The Crash Victims Rights & Safety Act includes:
- Traffic-Crash-Victim Bill of Rights — which gives crash victims rights like those of the federal Crime Victims’ Rights Act, including the right to receive timely crash reports and the right to attend crash-related hearings and submit impact statements. It would also require the state to report data about crash-victim compensation and support, including no-fault insurance and private insurance.
- Sammy’s Law — named for Samuel Cohen Eckstein (son of Amy Cohen), a 12-year-old from Brooklyn who was killed by a reckless driver in 2013, the bill would repeal a state regulation prohibiting New York City from lowering the speed limit below 25 mph (or 15 mph in school zones).
- Speed-Safety Camera Improvement — which would authorize New York City to operate speed-safety cameras 24/7, would escalate penalties for extreme repeat offenders, including license suspension, and would allow records of speeding to be shared with auto insurance companies. The city now may not operate the cameras outside of weekdays between 6 a.m. and 10 p.m., even as a recent NYC Department of Transportation report found that speed-safety cameras reduce speeding by 72 percent and injuries by 17 percent, and two-thirds of vehicles ticketed by safety cameras did not receive another violation in the same calendar year.
- Vehicle-Safety Rating — which would require the NYS DOT and the state Department of Motor Vehicles to create a safety-rating system to assess the risk a motor vehicle poses to vulnerable road users, and would require that such ratings be displayed at the point of sale and on a state website. No safety-rating system exists for risks a vehicle poses to people outside a car, which are especially acute for large, heavy vehicles.
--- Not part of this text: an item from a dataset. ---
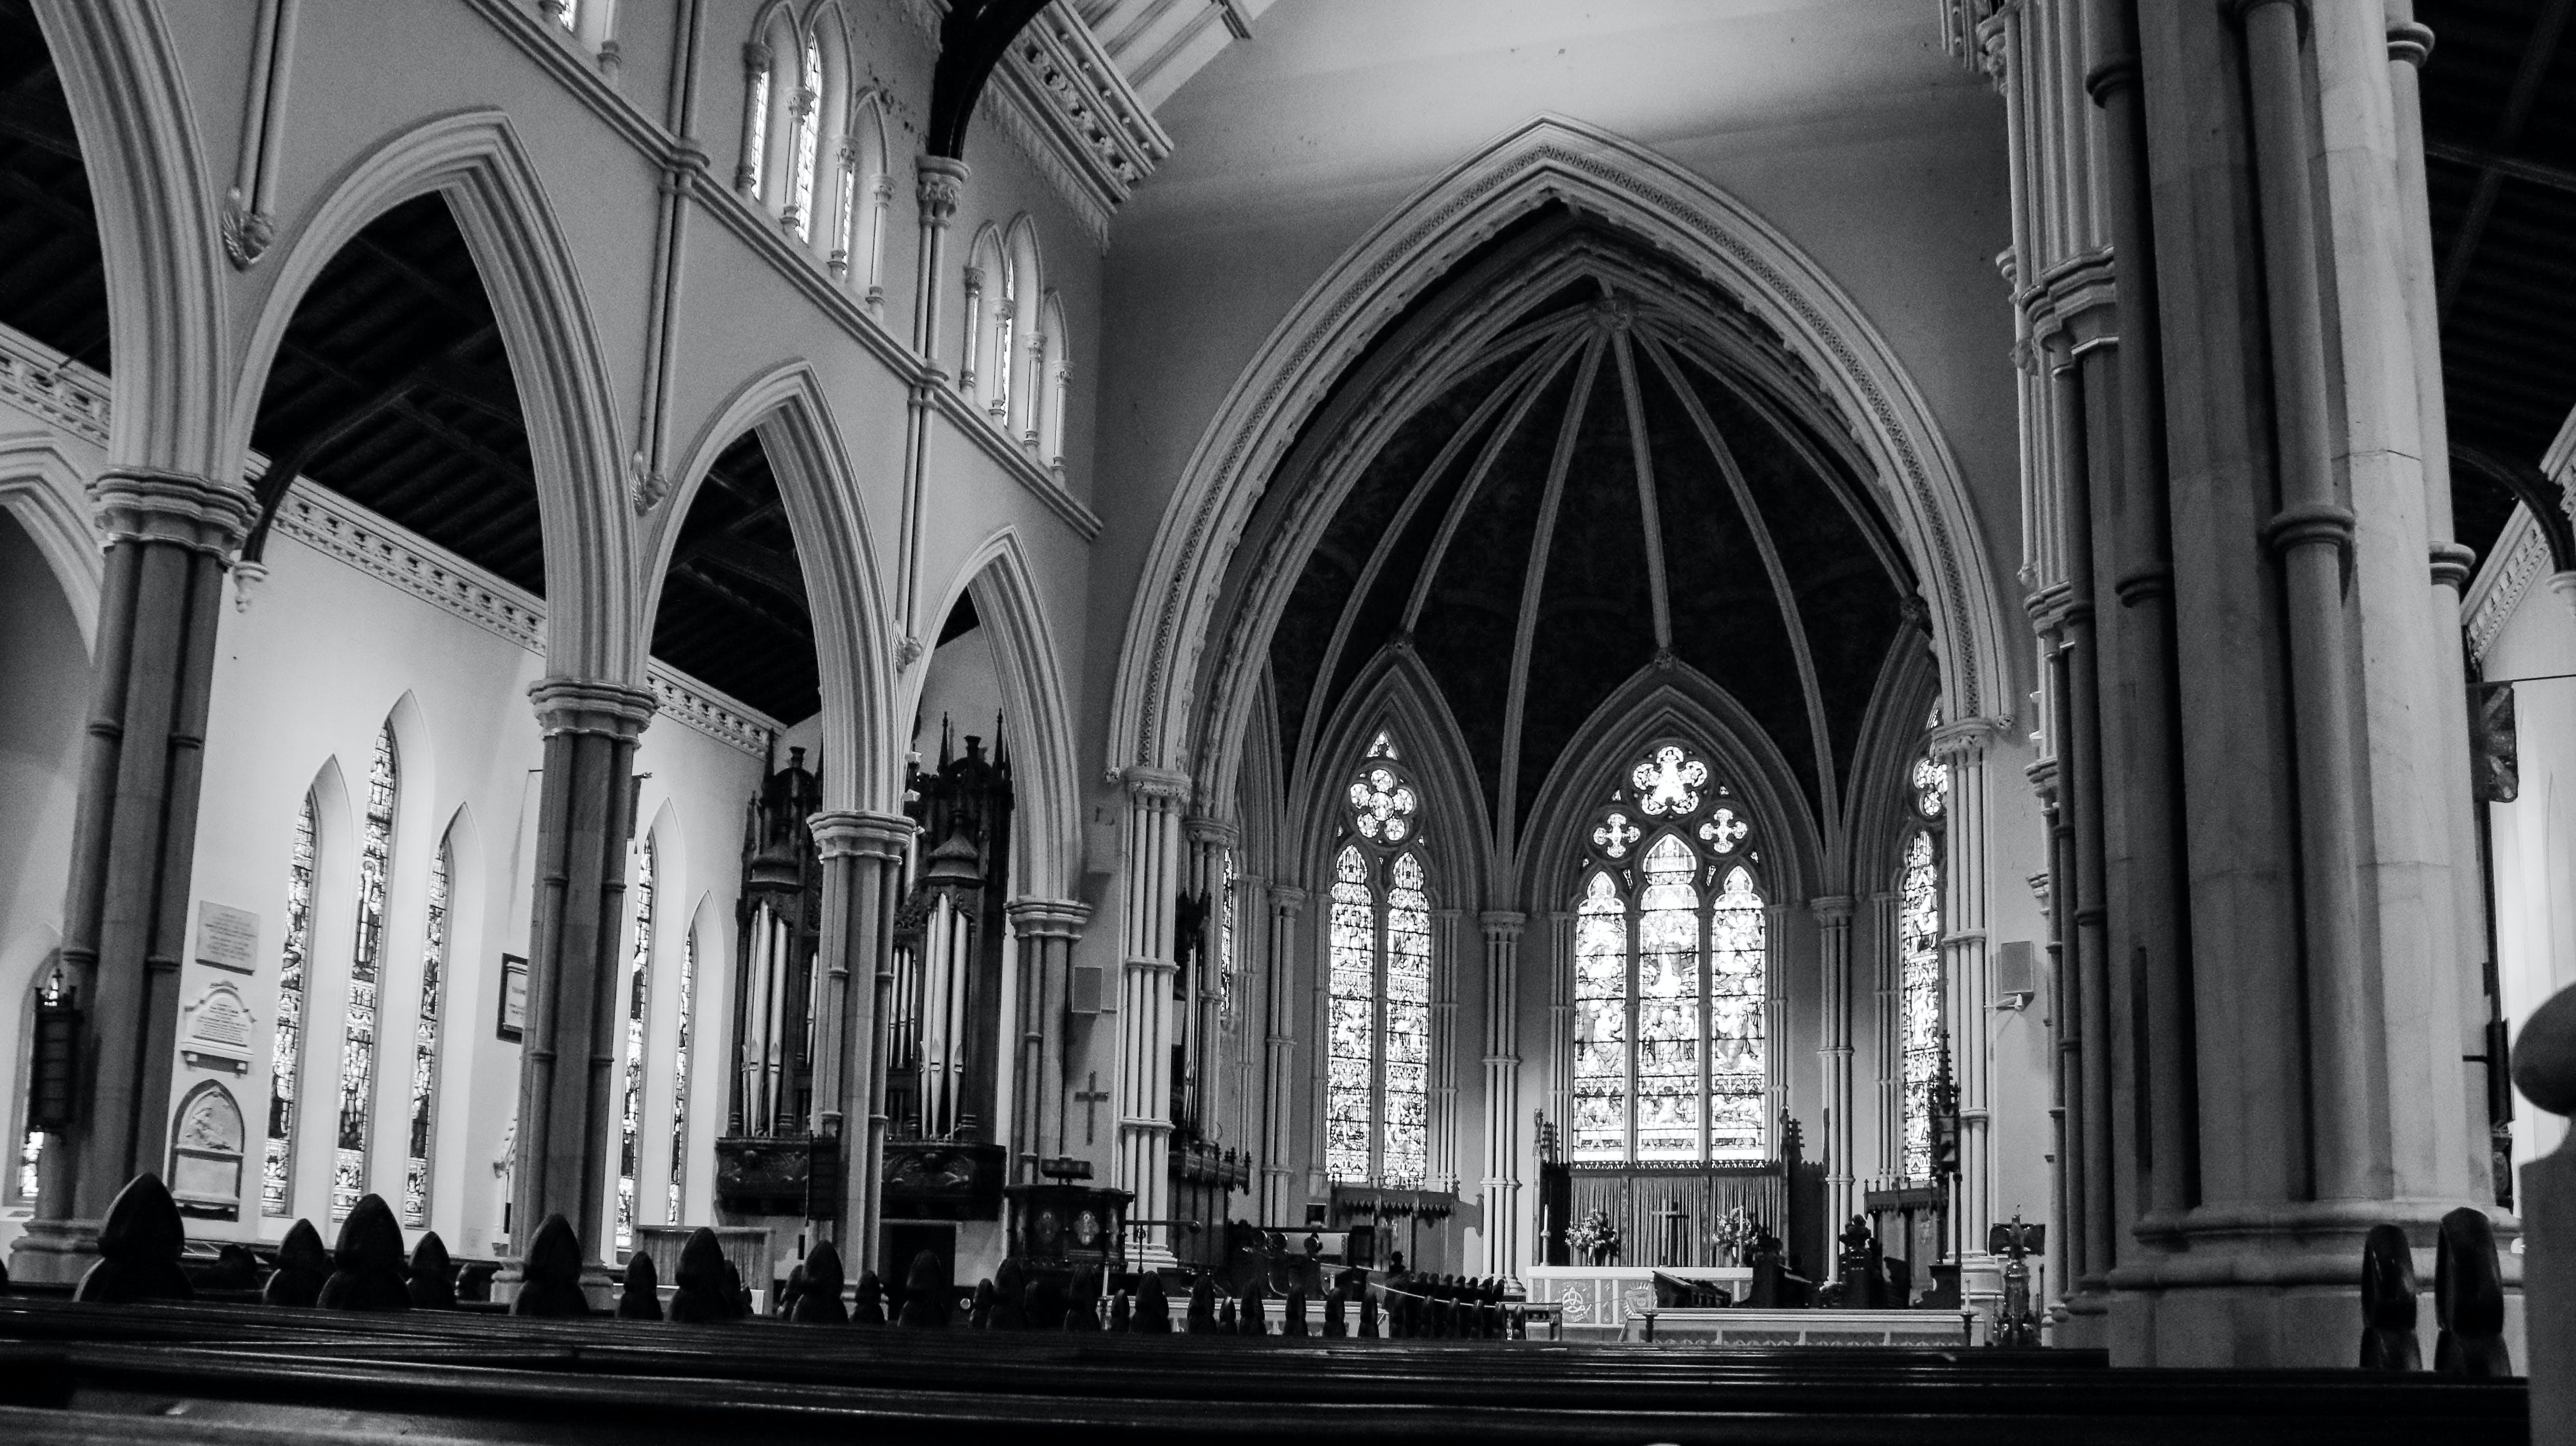 고대 교회, 교회, 대성당, 도심의 무료 스톡 사진

In New York City, 25 of the 29 cyclists who were killed in 2019 were killed by drivers of large trucks, buses, SUVs or vans.
- Dangerous-Driving “Rule of Two” — which would clarify existing law to address the “rule of two” — a “rule of thumb” in which prosecutors need to prove that the driver committed two separate moving violations such as speeding, running a red, failure to yield, etc. — in order to make it easier for the most reckless drivers to be held accountable under existing misdemeanor law (VTL 1212), especially when they injure or kill someone. The legislation would replace “reckless” with “dangerous” in “reckless driving” in order to avoid confusion with mens rea (state of mind) analysis.
- Blood-Alcohol Content Lowered to .05 — which would lower the blood alcohol concentration limit for driving from .08 percent to .05 percent, and for aggravated driving while intoxicated from .18 percent to .12 percent.
- Safe Passage for Cyclists — which would provide a clear objective definition of what a “safe distance” is for motorists when overtaking bicyclists on the road (at least three feet), provide a mechanism for accountability following a crash, and foster a culture of safer driving through education.
- A DMV Pre-licensing Course — which would require instruction in pedestrian and bicyclist safety as part of drivers’ pre-licensing courses and would educate new drivers on how to safely pass bicyclists on the road and the dangers that large multi-ton vehicles pose to pedestrians, bicyclists, and other vulnerable road users.
"Every year, hundreds of precious New Yorkers are killed in traffic crashes, but it doesn't have to be this way," said Assembly Member Emily Gallagher, a sponsor of the DMV-related bill. "With the package of bills in the Crash Victims Rights & Safety Act, we can address reckless driving, end these unacceptable tragedies, and finally create the conditions for everyone's shared safety on our public streets."